# Paper tuning distance



## 6bloodychunks (Oct 26, 2005)

i paper tune at multiple distances just to be sure, ive never used grocery bag for tuning it seems too thick to get a good reading, try newspaper


----------



## Doc (Jun 10, 2003)

I shoot paper at 8-10 feet.


----------



## ursonvs (Sep 19, 2003)

spot hogg recommends 23 yards.

i tune from 19 yards. stick the paper 3 feet in front of the bale.

paper tuning under ten yards will sometimes lead to false tears.

besides, who cares what it looks like in feet, i want to know what it looks like 1 yard from the 20 yard bale for indoors.

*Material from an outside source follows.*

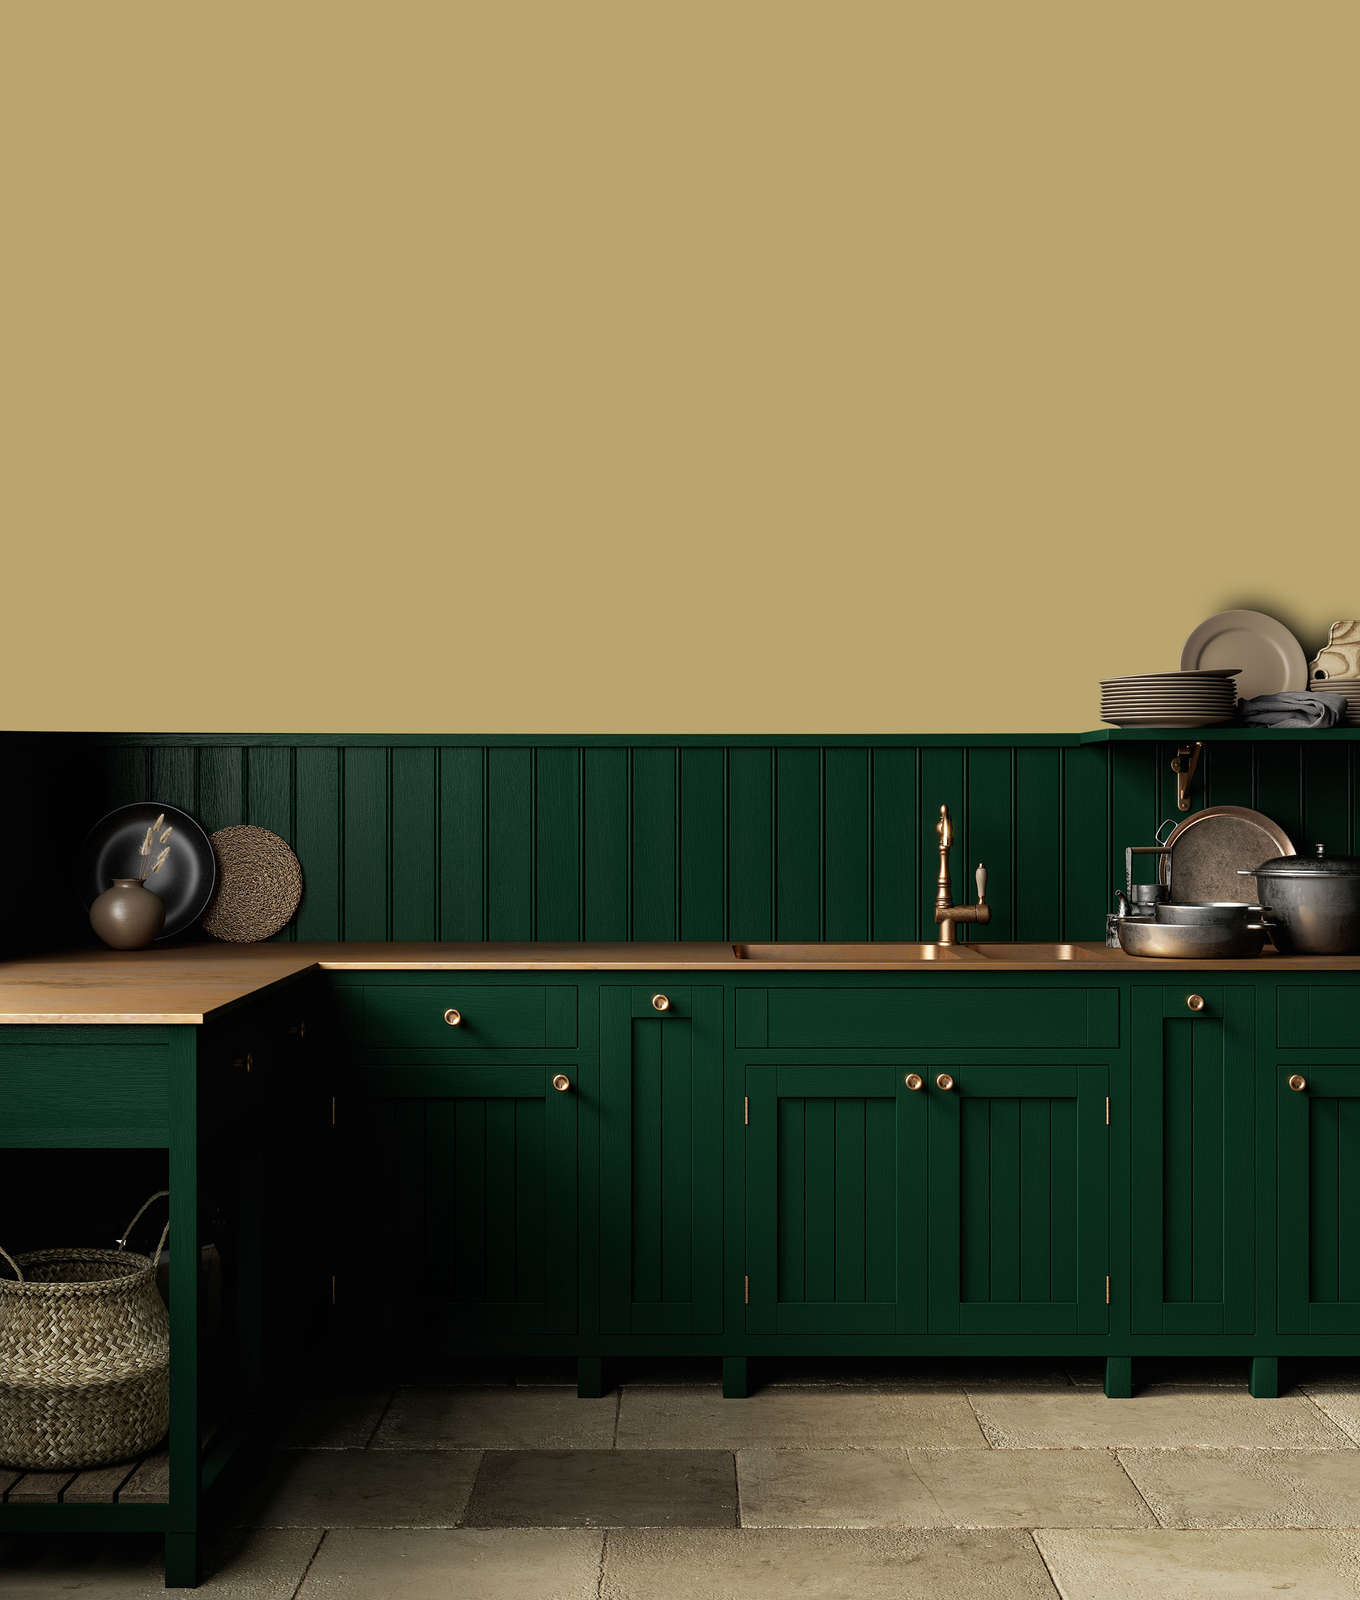             Premium Wall Paint Warm Khaki »Lucky Lime« NW605 – 2.5 litre

good paper to use is butcher paper you can buy by the roll at any meat locker.


----------



## Doc (Jun 10, 2003)

23 yards, really? What is the sense, by that distance the vanes have corrected any flight errors.


----------



## rhysehaugen (Feb 13, 2006)

Not to slam on anyone, but paper tunning is crap. The only way to correctly paper tune is to have a shooting machine and take human error out of the equation. If you are hitting the x, your arrows are cosistent, and fly well; why paper tune?


----------



## ursonvs (Sep 19, 2003)

cause not everyone has access to a hooter shooter perhaps?

I agree with you on this part about human error but spott hogg is the maker of teh hooter shooter and even they are the ones that suggest 23 yards. the closest one that i know of to me is 120 miles away.


----------



## scott in WI (Jul 9, 2004)

*Paper*

6 feet. Paper tuning is extremely valuable.


----------



## Doc (Jun 10, 2003)

rhysehaugen said:


> Not to slam on anyone, but paper tunning is crap. The only way to correctly paper tune is to have a shooting machine and take human error out of the equation. If you are hitting the x, your arrows are cosistent, and fly well; why paper tune?

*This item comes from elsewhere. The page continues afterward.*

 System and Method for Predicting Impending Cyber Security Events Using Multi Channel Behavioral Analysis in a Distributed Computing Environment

I use paper to get me close and then walk back tune to finalize things. Paper is like bore sighting.


----------



## gordan (Dec 12, 2002)

Doc said:


> I use paper to get me close and then walk back tune to finalize things. Paper is like bore sighting.


I agree with Doc. 6 feet paper tuning and walk back tuning works for me.


----------



## Glock17 (Dec 23, 2004)

I paper tune at 6 feet, then 10 yards, then 20 yards. If I get a clean tear at all 3 distances l feel the bow is well tuned. I see paper tuning as simply making sure the arrows are coming off the bow clean. Paper tuning wont work for archers with inconsistant shooting however.


----------